Clark's tough tactics earned him substantial attention, with particular praise from President Ronald Reagan; in 1988, Clark was briefly considered for a position in the Reagan White House. He was the subject of a Time magazine cover story, which noted that Clark's style as principal was primarily disciplinarian in nature, focused on encouraging school pride and good behavior, although Clark was also portrayed as a former social activist in the film Lean on Me. "Clark's use of force may rid the school of unwanted students," commented Boston principal Thomas P. O'Neill Jr., "but he also may be losing kids who might succeed." George McKenna, former principal of Washington Preparatory High School in Los Angeles, often cited as a contemporary of Joe Clark as a school reformer with a similarly outgoing approach, was also critical. "Our role is to rescue and to be responsible," McKenna told Time. "If the students were not poor black children, Joe Clark would not be tolerated."

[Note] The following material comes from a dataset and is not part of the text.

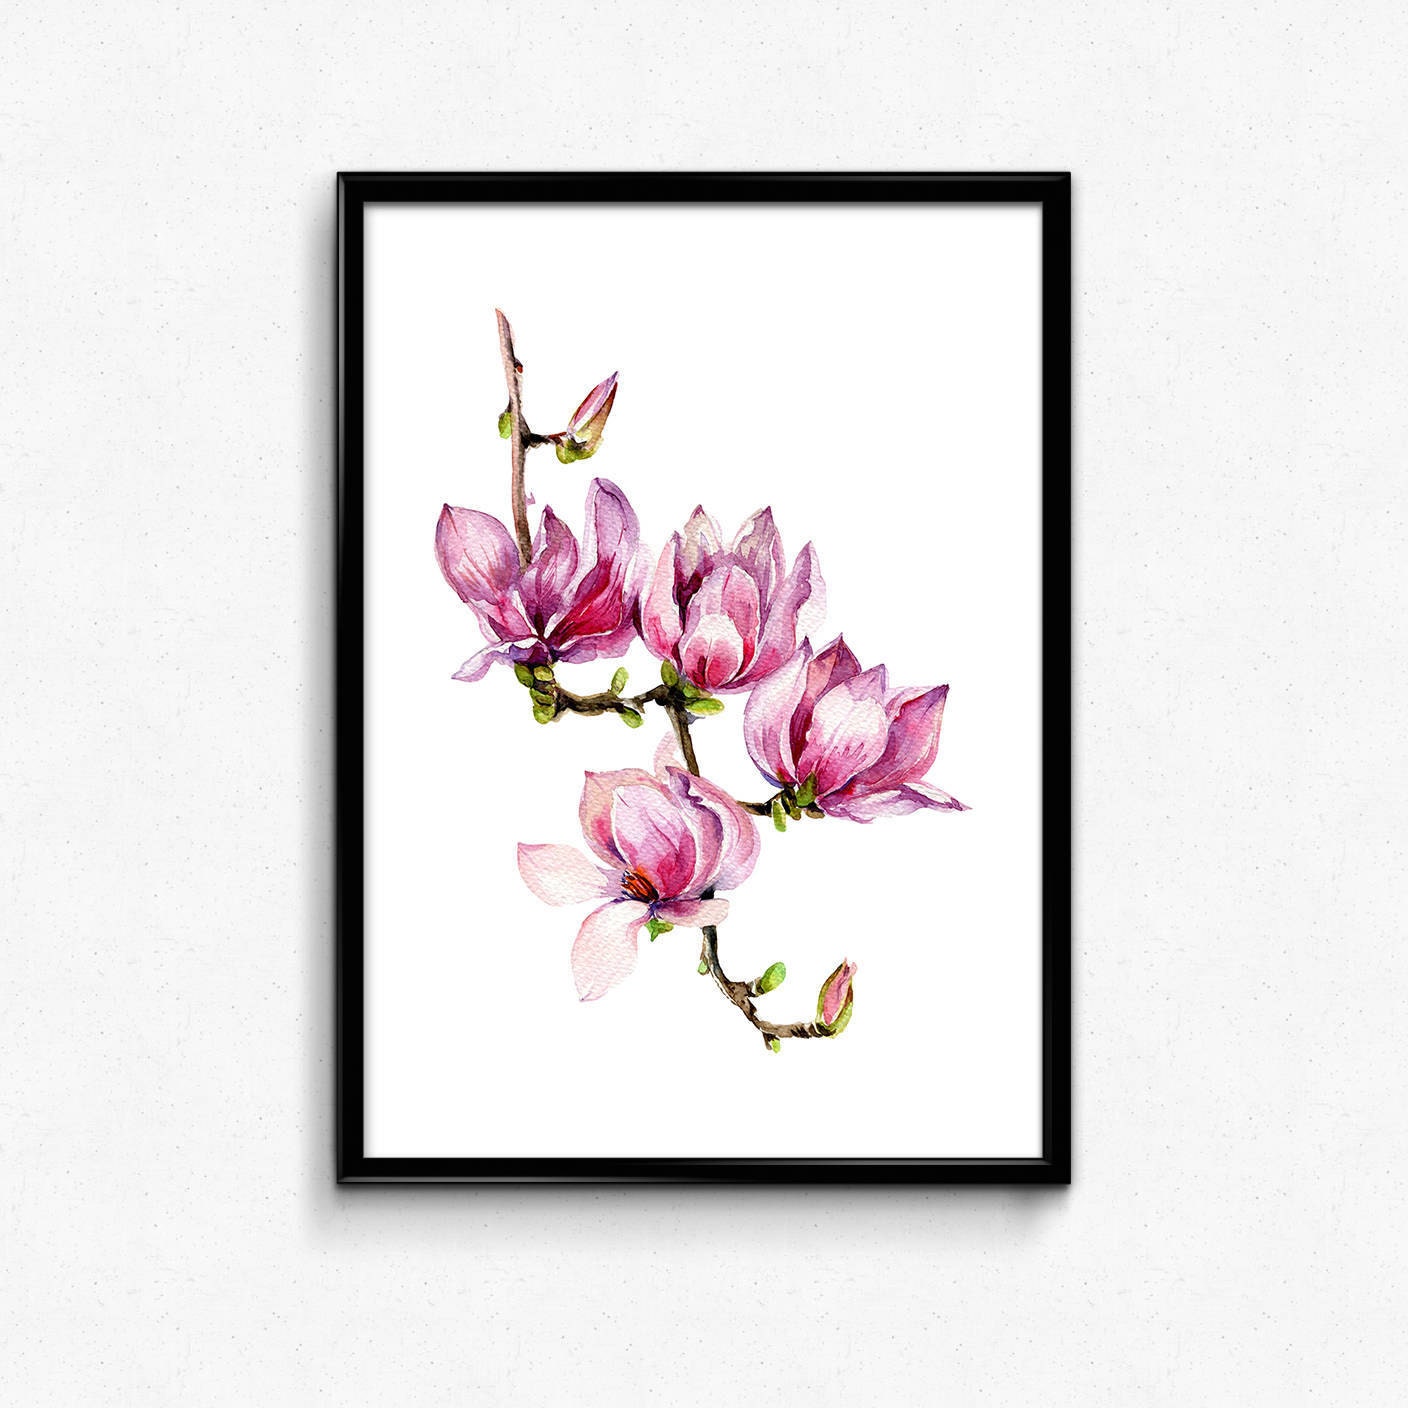 Magnolia Flower Watercolor Art Watercolor Painting Home | Etsy

Other educators defended and praised Clark. "You cannot use a democratic and collaborative style when crisis is rampant and disorder reigns," said Kenneth Tewel, a former principal. "You need an autocrat to bring things under control." Some critics focused on the fact that while Clark had reestablished cleanliness and order, education scores had not substantially improved, which resulted in Eastside High being taken over by the state one year after Clark's departure in 1991, the very outcome he sought to avoid.

Separate criticism focused on the social impact of expelling delinquent students to improve test scores, claiming that "tossing out the troublesome low achievers" simply moved the problems from the school onto the street. Clark defended the practice, saying teachers should not have to waste their time on students who do not want to learn; Time noted that the national dropout rate for such students remained high across the country and, with few alternatives available, each inner city school that had been able to reverse the trend had done so through "a bold, enduring principal" such as Clark. Further, he was "able to maintain or restore order without abandoning the students who are in trouble."

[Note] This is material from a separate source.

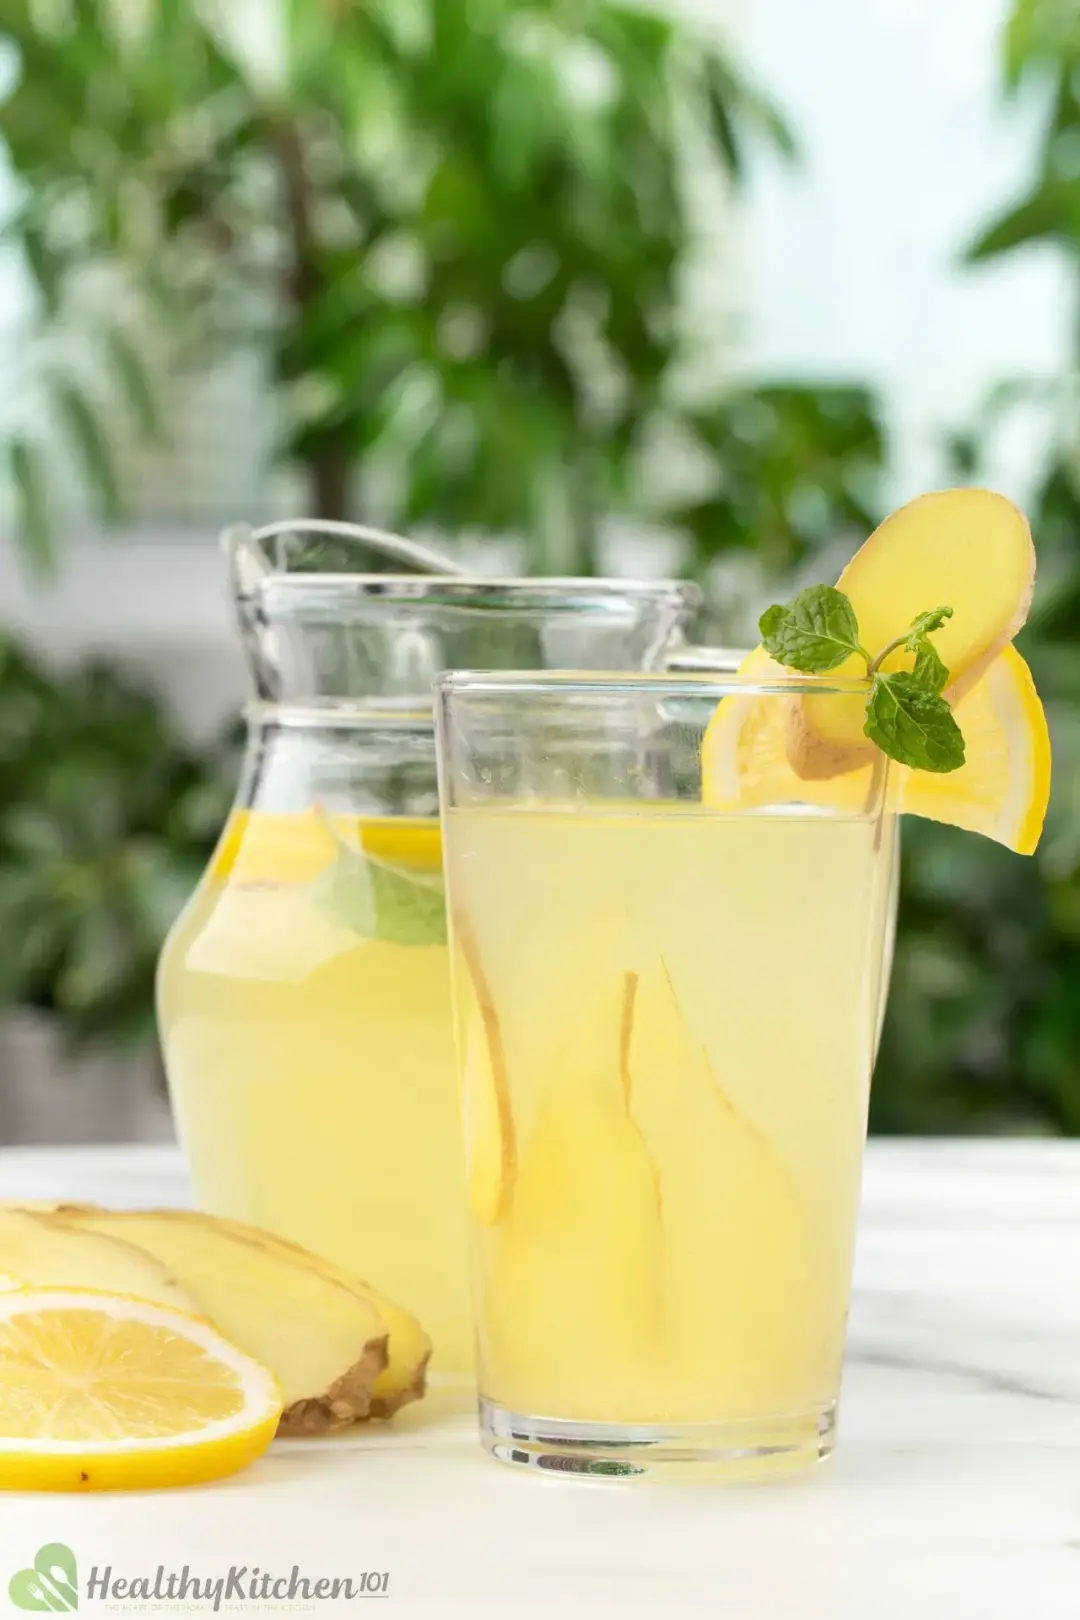 Benefits of Ginger Juice with Lemon

After his tenure as principal of Eastside High concluded in 1989, Clark became a public speaker.

===Essex County Detention House===
In 1995, he was appointed director of the Essex County Detention House in Newark, New Jersey, a juvenile detention facility. He resigned in 2002, amid an investigation into whether he was allowing the use of excessive force and punitive punishments against detainees, which included placing some detained children in handcuffs for up to 11 days, or in straitjackets for up to a day; and in other instances, detaining some children to their cells for 23 hours a day, for over a month in some cases. The state's Juvenile Justice Commission also cited him for allowing the facility to be filmed for a television program.

Clark defended his tactics, saying that the official guidelines were "anarchistic" and unsafe, and resigned in protest of the commission, who he dismissed as "regal-minded, nonsensical, condescending louts".

== Personal life ==
Clark was the father of Olympic track athletes, daughters Joetta Clark Diggs and Hazel Clark, and J.J. Clark, his son, who is a track coach. He was also the father-in-law of Olympic track athlete Jearl Miles Clark.

He resided in Newberry, Florida during his retirement. He died at home on December 29, 2020, at the age of 82.